Based on this and the fact that the move() method uses the tab id (not the index): Shouldn’t you now be able to loop over your sorted array, get the unique id of the current tab and move() it to the current index of the loop? Since the move() uses the id and not the index of the actual tab, it shouldn’t matter that the indexes of the actual tabs are changing with every move().

Let me now if I completely missed the point :grin:

Have a nice weekend,
Michael

Yeah, I dont know how to express it properly, so let me give an example:
Say we initially have an array of tab indizes. (wether you have an array of tabs, tab indizes or tab ids doesnt matter sicne you can easily built one from the other).
Like array A=(0,1,2,3,4,5,6)
So an array where each element has a value equal to it’s index.

now, due to some comparison reason, we find that the element at index 6 is “smaller” then the one at index 2.
so we “move” the index=6 element to the (previous) index=2 position and get:
A’=(0,1,6,2,3,4,5)
Now what has changed?
elements at index 0-1 are unchanged.
former 6 element now is at index 2 as intended.
however the elements 2-5, even though they werent invovled in the 2 vs 6 comparison, have changed index.
2 is at 3, 3 at 4, etc.

So 2-5 changed an index position upwards.

so here with a single moving the side effects can still be observed, however for many many movements one after a other it is unpredictable what will end up where.

like for example if we went ahead and from (0,1,2,3,4,5,6) sent 6 to index=2 as above, so we have (0,1,6,2,3,4,5).
and then want to sent 4 to index=1.
so we get
(0,4,1,6,2,3,5)
this shows the problem already:
by now 6 isnt at 2 anymore as we wanted.

so the side effects are pretty devastating and make movements hinder each other.
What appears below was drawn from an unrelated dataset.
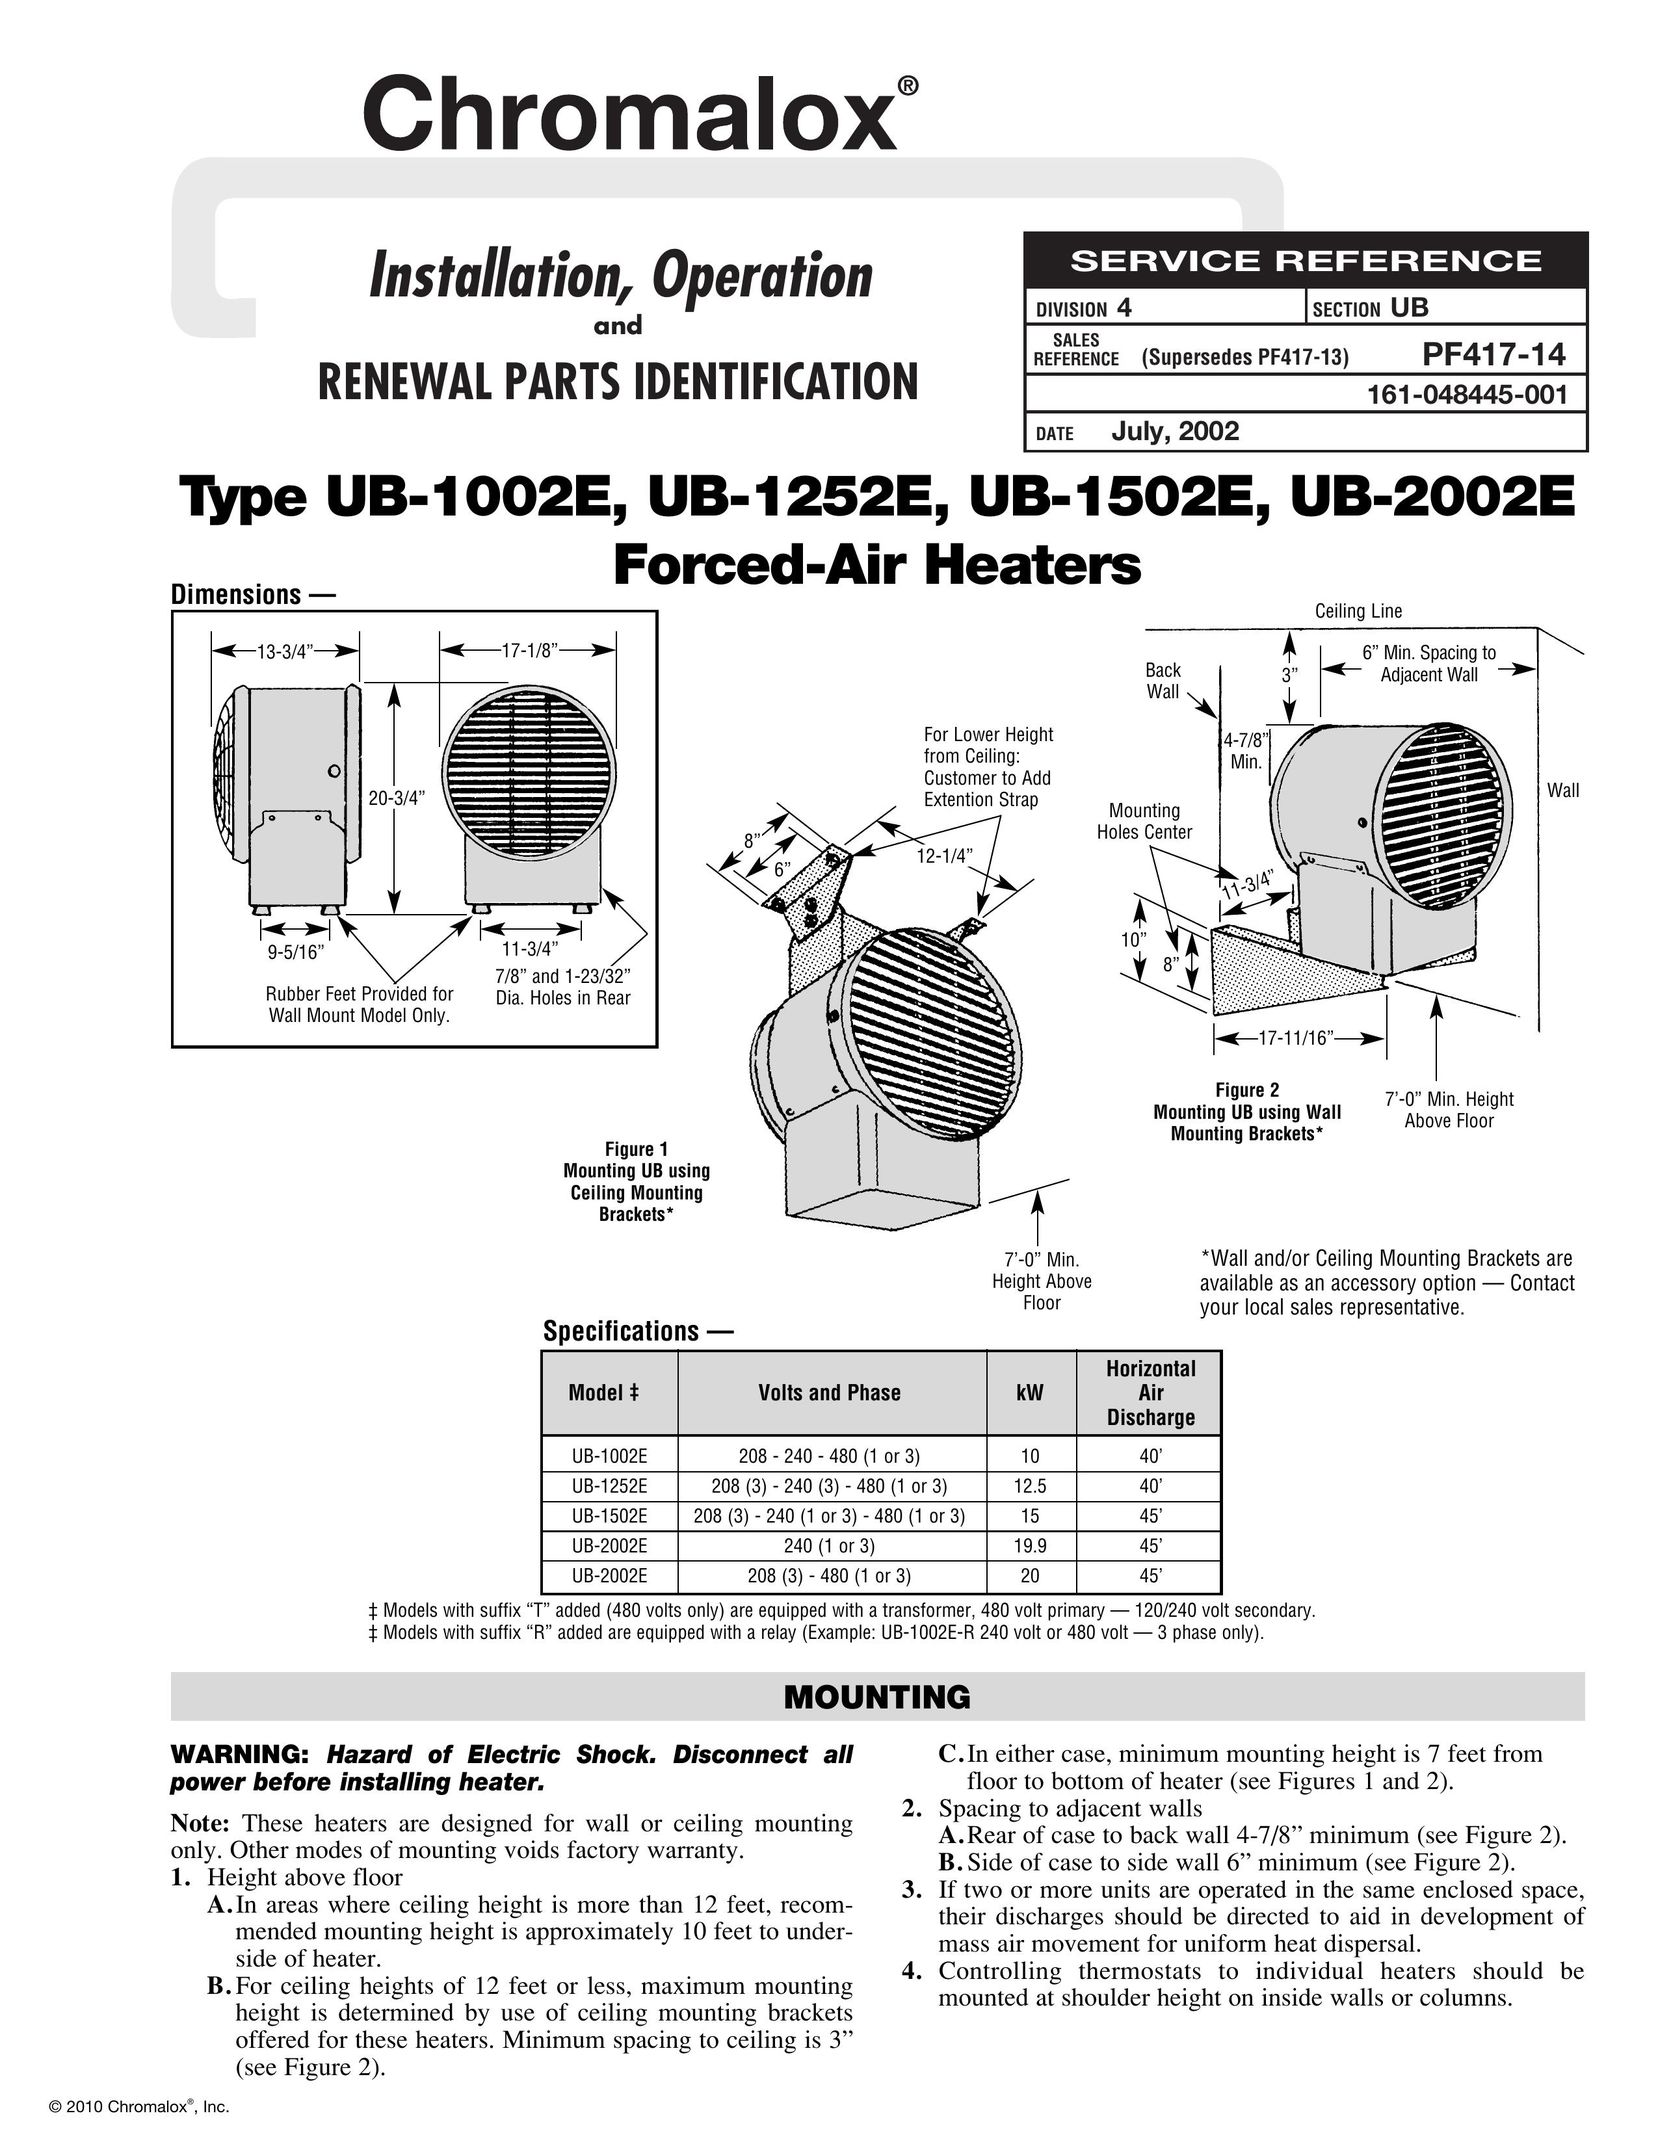 Chromalox UB-2002E Air Conditioner User Manual
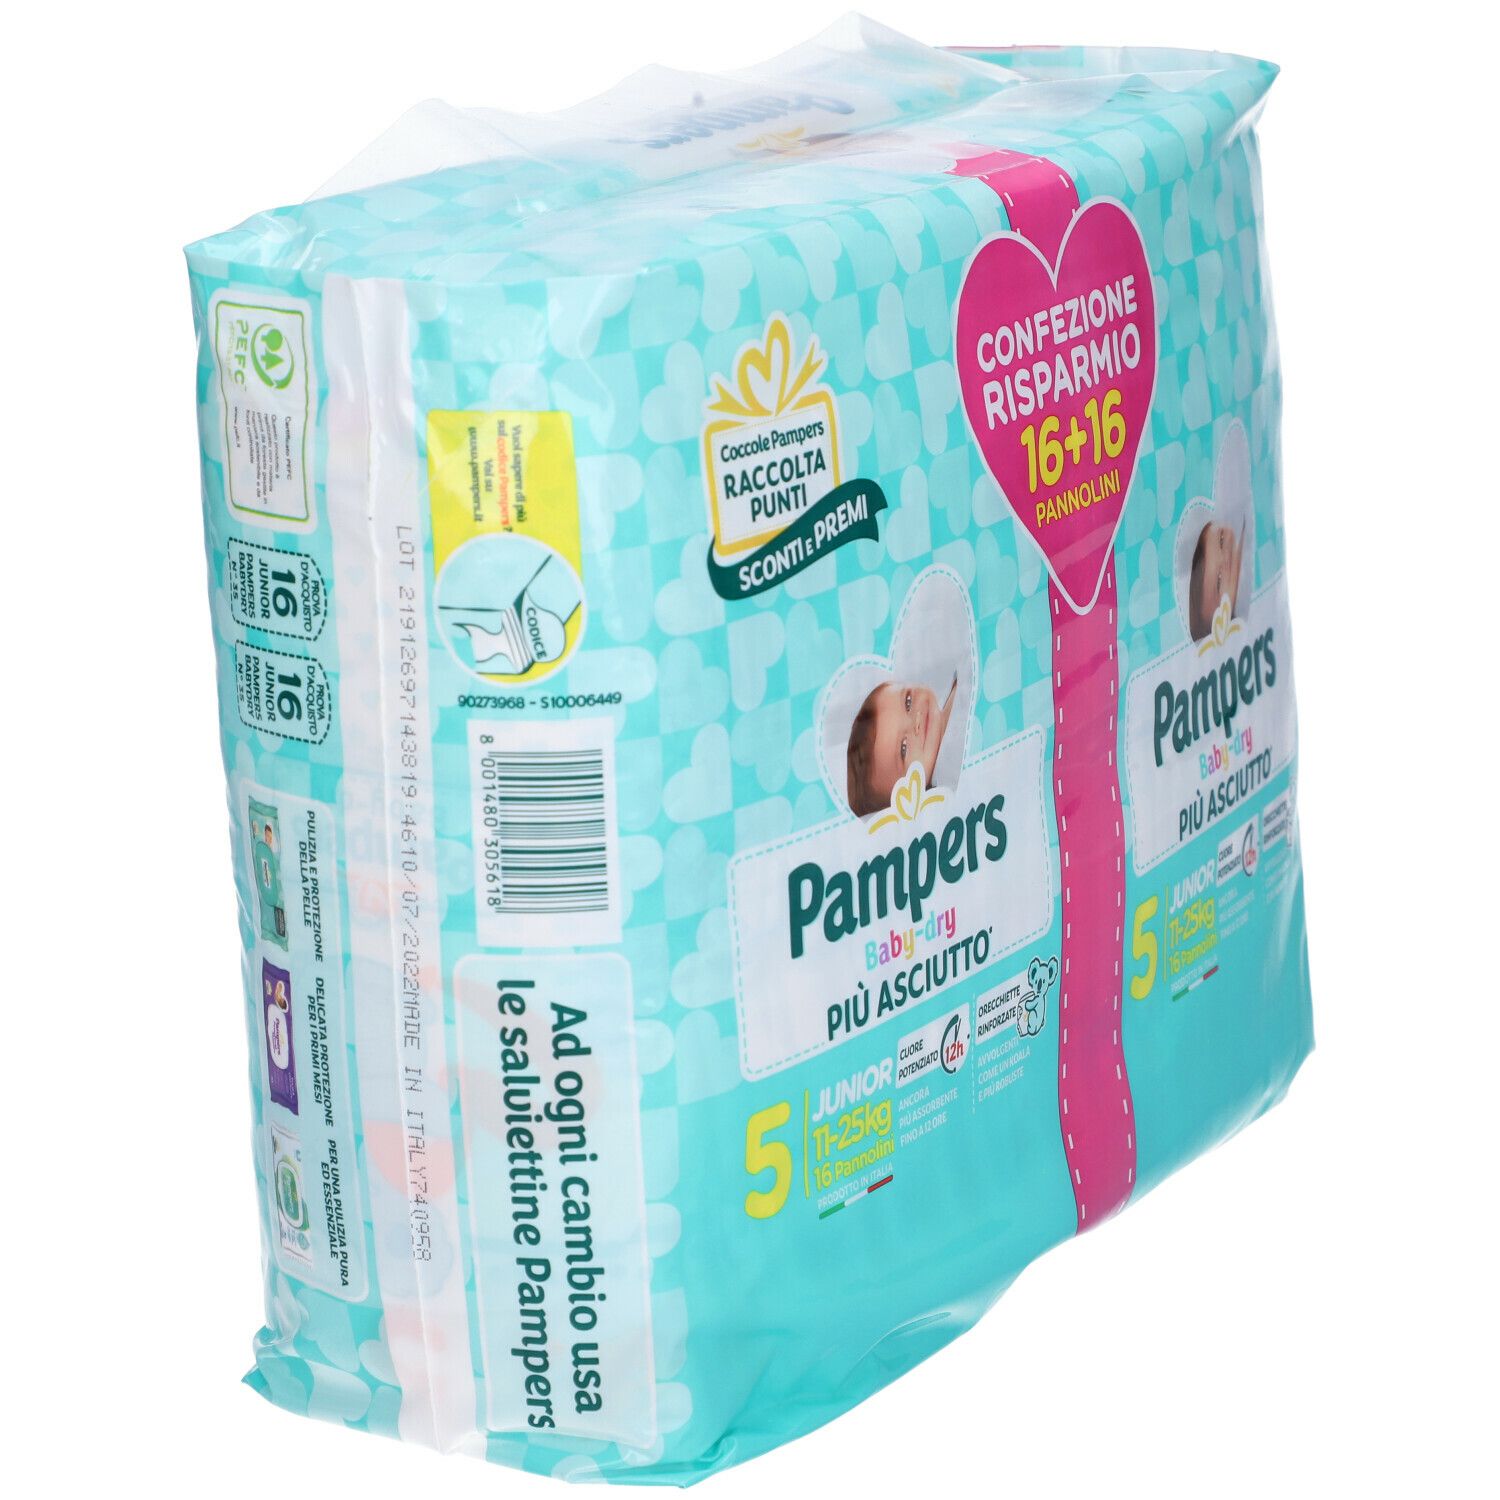 Pannolini Pampers Baby Dry taglia 5 Junior 11-25 kg. –

Given a final permutation list like (4,3,5,1,2,0) (that tells us that the 0th tab should now be at index=5, 1 should now be at index=3, 2 should now be at index=4, 3 should now be at index=2, etc.) I see potentially 2 possible ways to handle it:

1)built the new tab list by moving indexwise from left to right,
so moving 4 to index=0, moving 3 to index=1, moving 5 to index=2, moving 1 to index=3, moving 2 to index=4,moving 0 to index=5.
so doing the needed move operations based on the index of the final lsit.
2) go the not-efficient way and also take stuff from left to right, so former 4,3,5,1,2,0 in that order, simply at the end of the line.
after going through it all, stuff will jsut end up at the right position by itself this way :-/

Sa thing is that both ways dont take into account the former positioning, like if all stuff is in the right positions except for just 1 or 2 things, it still will have to move all items once.

I dont know I jsut have no really good plan to move stuff. :-/

But the changed index doesn’t matter since move() selects the tab by tabId (not index), doesn’t it?

let moving = browser.tabs.move(
  tabIds,              // integer or integer array
  moveProperties       // object
)

When we have an array of sorted tabIds, we can use the tabId to select the tab and the index of the array to determine the move target. When we loop through the array we move the tabs to the target spots from left to right (indexes 0 to array.length -1).

It’s true that we issue a move() command to every tab even if there are no changes at all, but to know how efficient (or inefficient) that is, we need to measure the performance. (How long does it take for 100 tabs?, 1000 tabs?).